Marburg. „Das war keine leichte Wahl“, sagt Reinhold Beck, Geschäftsführer des Vereins zur Förderung des Ehrenamts in Marburg-Biedenkopf. Am vergangenen Samstag tagte die fünfköpfige Jury, bestehend aus den Vorstandsmitgliedern des Vereins, und beriet über 36 Vorschläge. Menschen aus dem gesamten Landkreis hatten diese, auf den Aufruf des Vereins hin, in den vergangenen Wochen zugesandt.

In den Bewerbungen stellten sie Menschen vor, die unentgeltlich für andere da sind, in der Nachbarschaftshilfe beispielsweise, im Verein oder in Organisationen, die sich um Kranke und Bedürftige kümmern. „Wir haben von vielen tollen Menschen gehört und gelesen – sie alle haben Dank verdient, aber schließlich galt es für uns, fünf davon auszuwählen“, berichtet Beck und spricht über die Vorgehensweise: Die Jury beriet und sortierte so lange, bis noch fünf Kandidaten übrig waren – und diese fünf bekommen demnächst Besuch.

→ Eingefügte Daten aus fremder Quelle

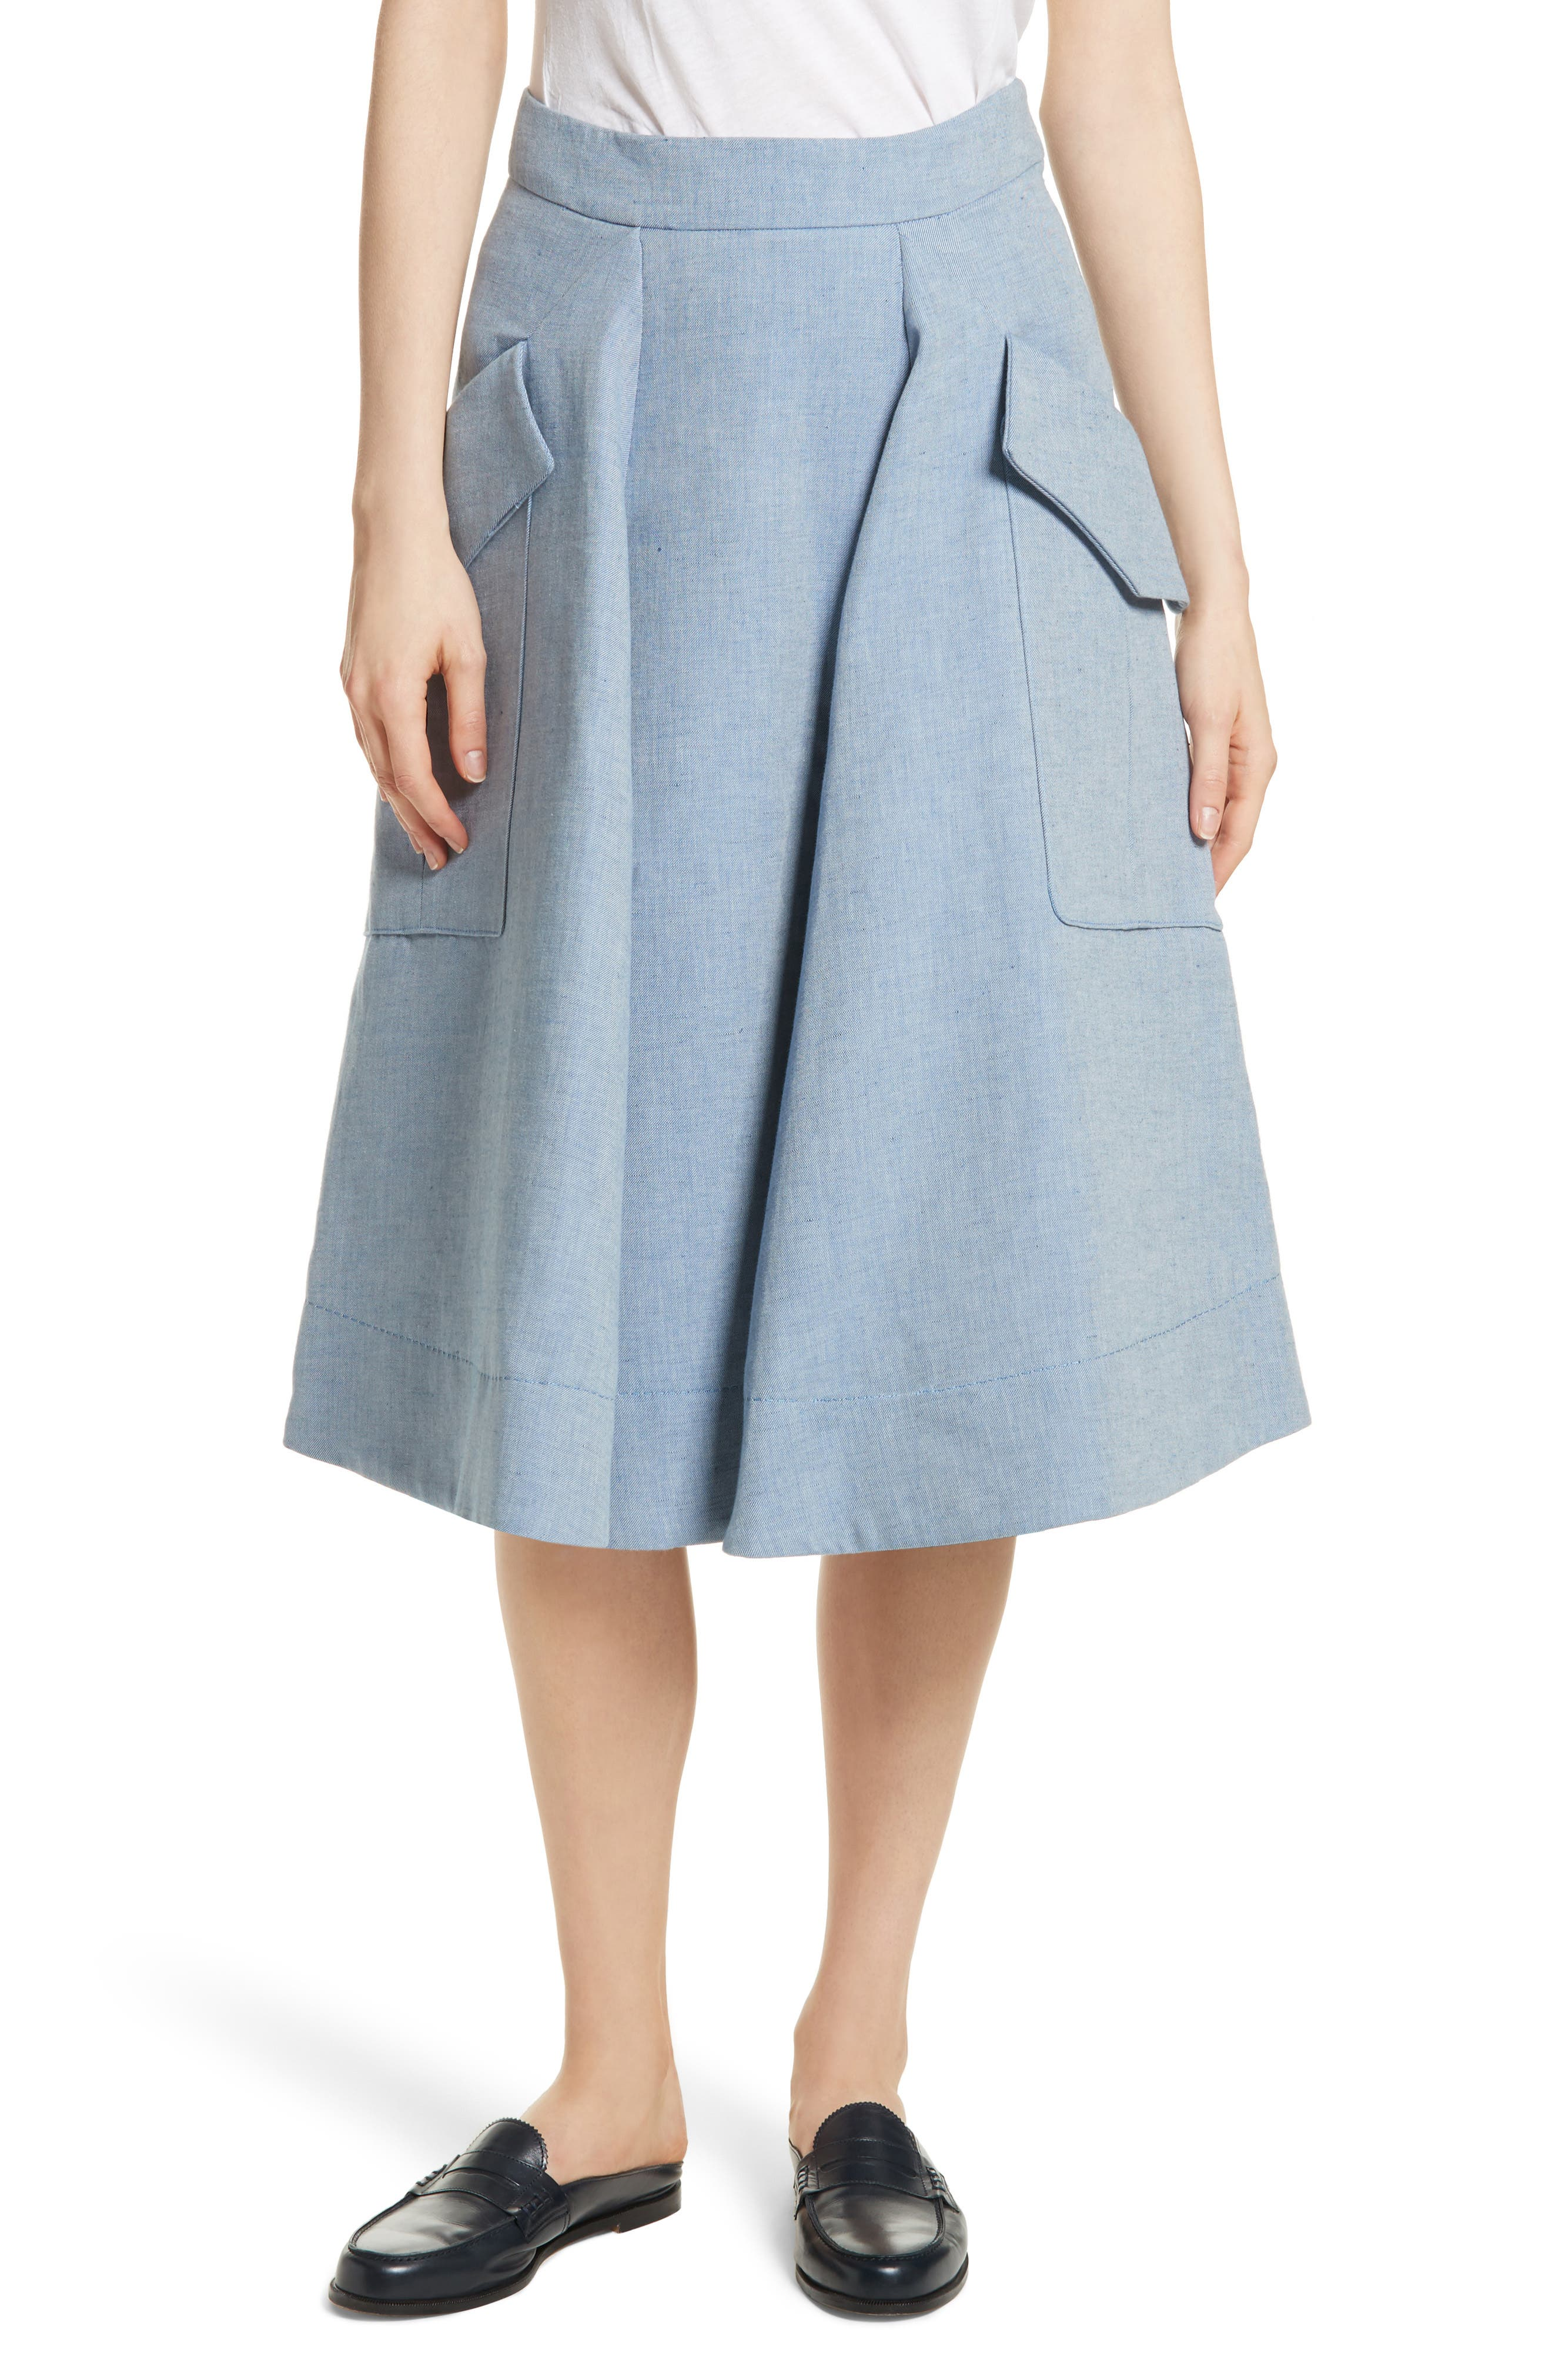 Jupe Genou Skirt,                             Main thumbnail 1, color,                             Bleu Acier

Ein Dankeschön für den ehrenamtlichen Einsatz

„Uns kommt es darauf an, einfach einmal Danke zu sagen – stellvertretend für alle, die vom ehrenamtlichen Einsatz dieser Menschen profitieren.“ Wie das dann aussieht: Reinhold Beck als Geschäftsführer des Fördervereins hat die ehrenvolle Aufgabe, auf einen Überraschungsbesuch vorbeizukommen. Mit Blumen und herzlichen Worten des Dankes.

Eingefädelt wird dies von den Menschen, die die Ehrenamtlichen für die Aktion vorgeschlagen haben. „Wir werden Ehrenamtler treffen, die Beachtliches leisten – da gibt es welche, die schon seit 40 Jahren unermüdlich für andere da sind und dabei zumeist im Hintergrund bleiben“, verrät er schon jetzt.

Mehr über diese Menschen wird im Dezember in der Oberhessischen Presse zu lesen sein – sie begleitet die Aktion „Danke fürs Ehrenamt“ und berichtet in Porträts über die engagierten Männer und Frauen. Und darüber, wie sie auf den Überraschungsbesuch mit Blumenstrauß reagieren.

Am 5. Dezember ist Tag des Ehrenamts

Die Kampage läuft im Vorfeld des Internationalen Tags des Ehrenamts, der alljährlich am 5. Dezember begangen wird. Die Vereinten Nationen haben diesen Tag vor 30 Jahren ausgerufen – Fördervereine wie der hiesige begehen diesen Tag, um auf die ehrenamtliche Arbeit hinzuweisen und sie in den Blickpunkt der Öffentlichkeit zu rücken.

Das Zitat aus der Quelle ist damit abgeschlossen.